Maxine looked around at their three faces. “Please,” she said. “I never got silly about him. I saw him for what he was. Without the haze of sex.”

“Shhh. Ethan,” said Abigail again. “I promise, it’s all right.”

Ethan abruptly went quiet, but his hands moved by his ears and he kept rocking.

“Staking your claim,” said Teddy. “You’re welcome to it.”

“We all saw him, in our own ways,” said Lila.

A silence fell around the table. The four women avoided eye contact, as if suddenly ashamed or shy. Into the breach came the sound of Katerina singing to herself in the far corner of the loft, something in Hungarian in a raspy, slightly off-key voice that somehow managed to be beautiful anyway by virtue of the language she sang in. Her voice sounded to Abigail like a peasant girl’s during wartime as she dug, squatting in a potato patch behind a hut.

Abigail said to no one in particular, “I’ve read too many novels. I haven’t lived enough of life.”

“Oh, me, too,” said Lila, as if she had been thinking along similar lines.

“I wanted to,” said Abigail, “but I could never quite get up my nerve. And then Ethan always needed me.”

“You could have put him in a home,” said Maxine. She looked over at Ethan. His mouth was twisted; he was looking at the tabletop.

“I could do no such thing!”

“Of course you couldn’t,” said Lila.

“Why not?” Teddy asked. “Would he have known the difference?”

Abigail said with horror, “He would have been miserable among strangers!”

“Among his own kind,” said Maxine. “Cared for by trained professionals. And then Oscar might have felt he had your undivided attention, Abigail.”

“Maxine,” said Teddy, “that was not why Oscar—”

“Oh really,” said Maxine.

Teddy and Maxine stared at each other with hatred.

“It wasn’t,” said Abigail. “You’re right, Teddy. He didn’t want my undivided attention. He wanted me distracted.”

“Oscar, Oscar, Oscar,” said Maxine. “Look at us, four smart old bags with plenty to think about, fixated on my putz of a brother, who’s been dead for five years and wasn’t especially nice to any of us.”

“Time for Lila and me to be going,” said Teddy. “You have your tefillin, we’ll all keep our traps shut about
Helena,
we had a nice little volley of long-overdue spats and tantrums, and now I’m tired and ready for a nap.” She stood up and said to Lila, “Ready?”

“Yes,” said Lila. “But I just want to add one thing.
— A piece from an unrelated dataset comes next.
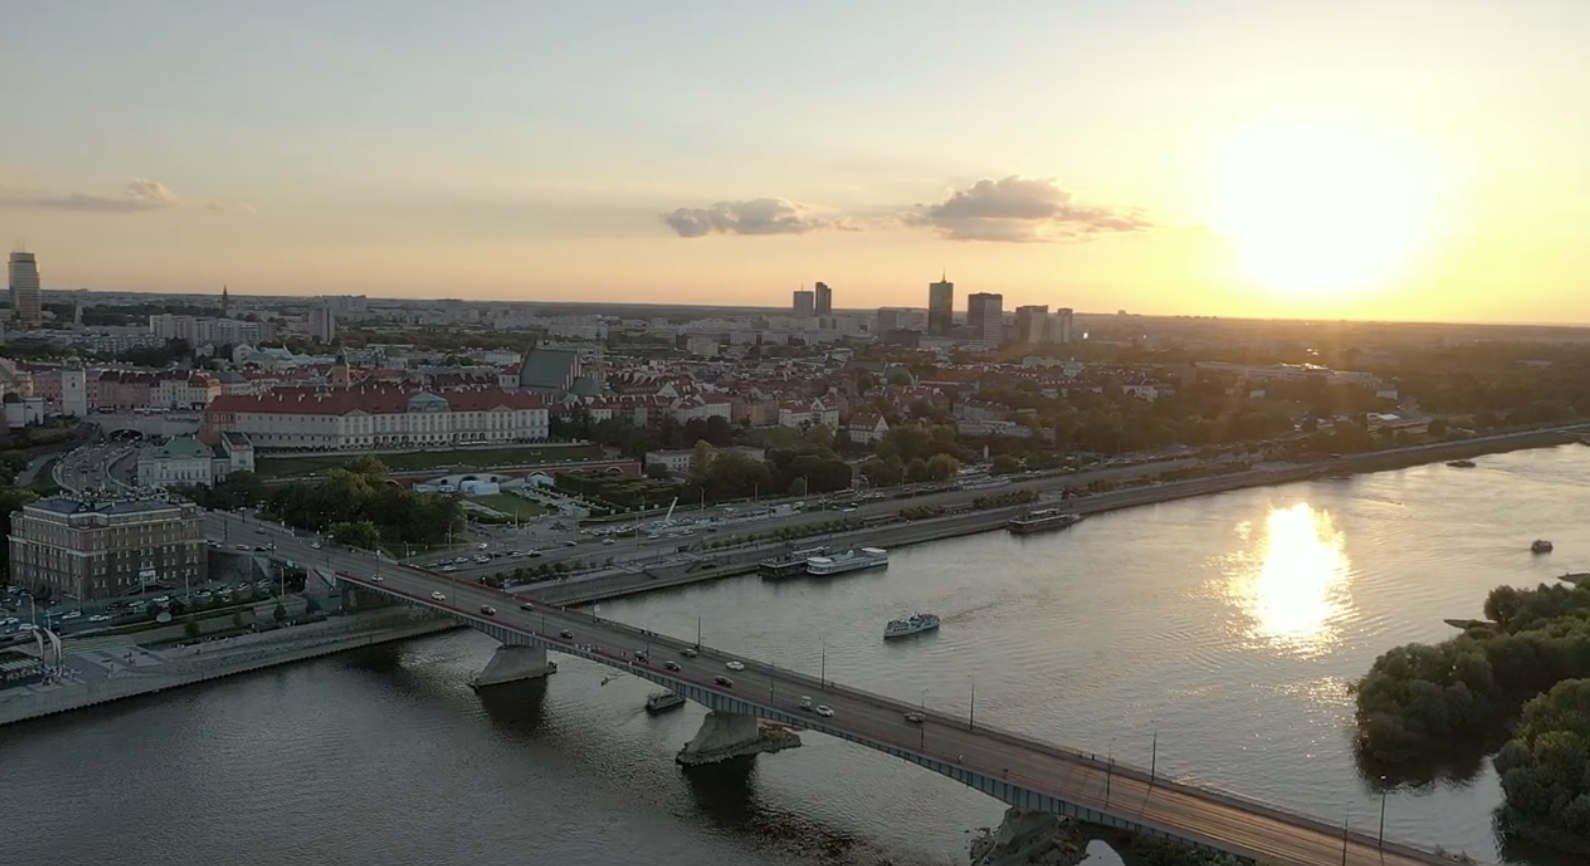 Zobacz wideo podsumowujące XII Kongres Polska Wielki Projekt!

Oscar and Teddy were soul mates. That was true love if I ever saw it. It didn’t diminish or tarnish over all those years. I can’t go home without saying that.”

“Stop romanticizing Oscar and me, Lila,” said Teddy. “I appreciate what you’re trying to say, but really, it was as complicated and messy as any relationship between two people always is.”

“Like I said,” Maxine said, “I have heard enough about Oscar for one lifetime. I don’t care if he and Teddy floated in fairy dust and little red cinnamon hearts together, I’ve had it with my fucking brother and all of you lovelorn girls who fell for his bullshit.”

“Good-bye,” said Teddy, pushing her chair back, standing up, smiling enigmatically. “Thanks very much for all the whiskey.” She walked toward the door with her head held high and disappeared through it.